NEWS FLASH: New toolbox version (0.3b) released on 29 Aug 2018! Get it on the Download page.

 

Hi.

Welcome, new Internet friend. We're glad that you have found your way to the homepage of our little ol' toolbox. We call it the "Deep Learning In Neuroimaging: Exploration, Analysis, Tools, and Education" package, or DeLINEATE for short. The intent is to provide a set of tools that make it easier to use "deep" neural networks for data analysis in research -- although we also have support for PyMVPA, in order to facilitate more conventional multivariate pattern analyses (MVPA) and make it easier to compare "deep learning" approaches to conventional MVPA. And the primary intended use case is for analysis of neuroimaging datasets (e.g., fMRI, EEG, MEG), although there's nothing to stop people from using it for all kinds of other classification tasks and data types.

 

Snakes.

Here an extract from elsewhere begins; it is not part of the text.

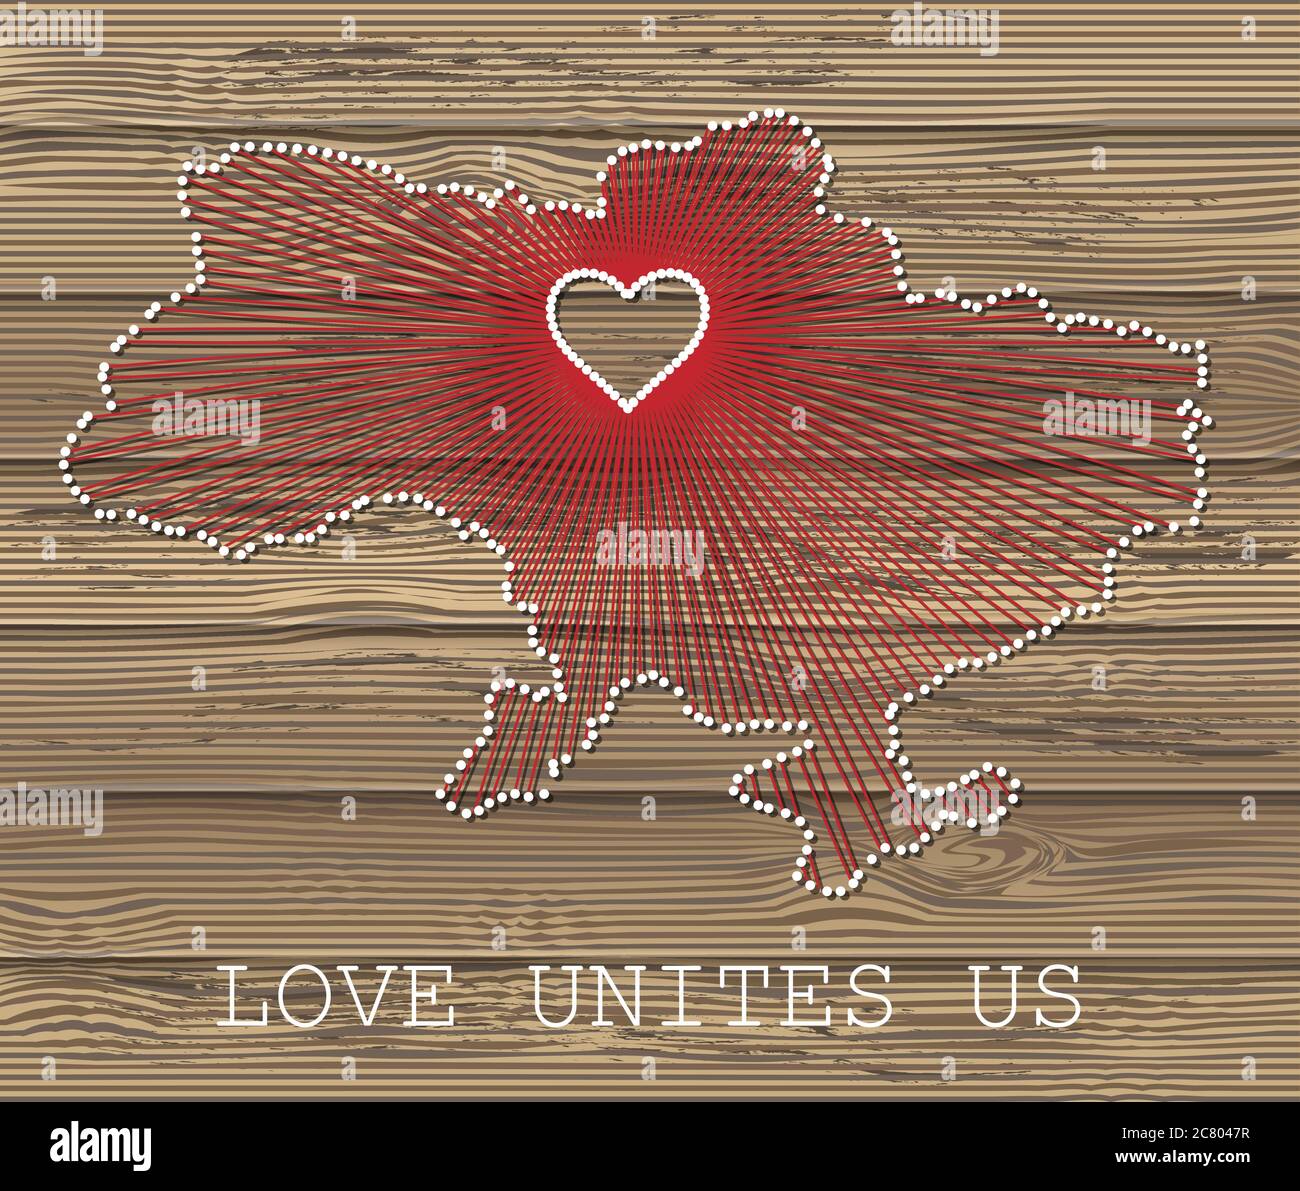 Ukraine Kunst Vektor-Karte mit Herz. Fadenkunst, Garn und Stifte auf Holzplanken Textur. Liebe verbindet uns. Botschaft der Liebe. Ukraine Kunstkarte Stock Vektor

Why did it have to be snakes?

This is a Python toolbox, so we hope you all like sneks. This decision is mainly based on the fact that our primary backend for deep learning, Keras, is a Python toolbox. Python is also the language of choice for PyMVPA and a bunch of other neat open-source data analysis stuff out there. So it makes sense, even though some of us (e.g. the guy writing this paragraph) have not fully drunk the Python Kool-Aid yet and maybe still believe in their heart of hearts that C is the One True Language and everyone else should just suck it up and learn that.

But I digress.

Anyway, we did agree that if we want to stay up to date with developments in the deep learning field, Python is probably the place to be. So to get started, you're going to need some kind of Python environment. This is easy on macOS and Linux, where it is generally pre-installed, but might take a little more fiddling around on Windows (KK note: Just install Anaconda, whatever your OS. Linux people would yell at you for doing work with the system Python anyway). You won't necessarily need to know how to write Python code to use this thing -- it does not require any programming per se to configure and run an analysis job -- but you will need to be able to run stuff in a Python environment.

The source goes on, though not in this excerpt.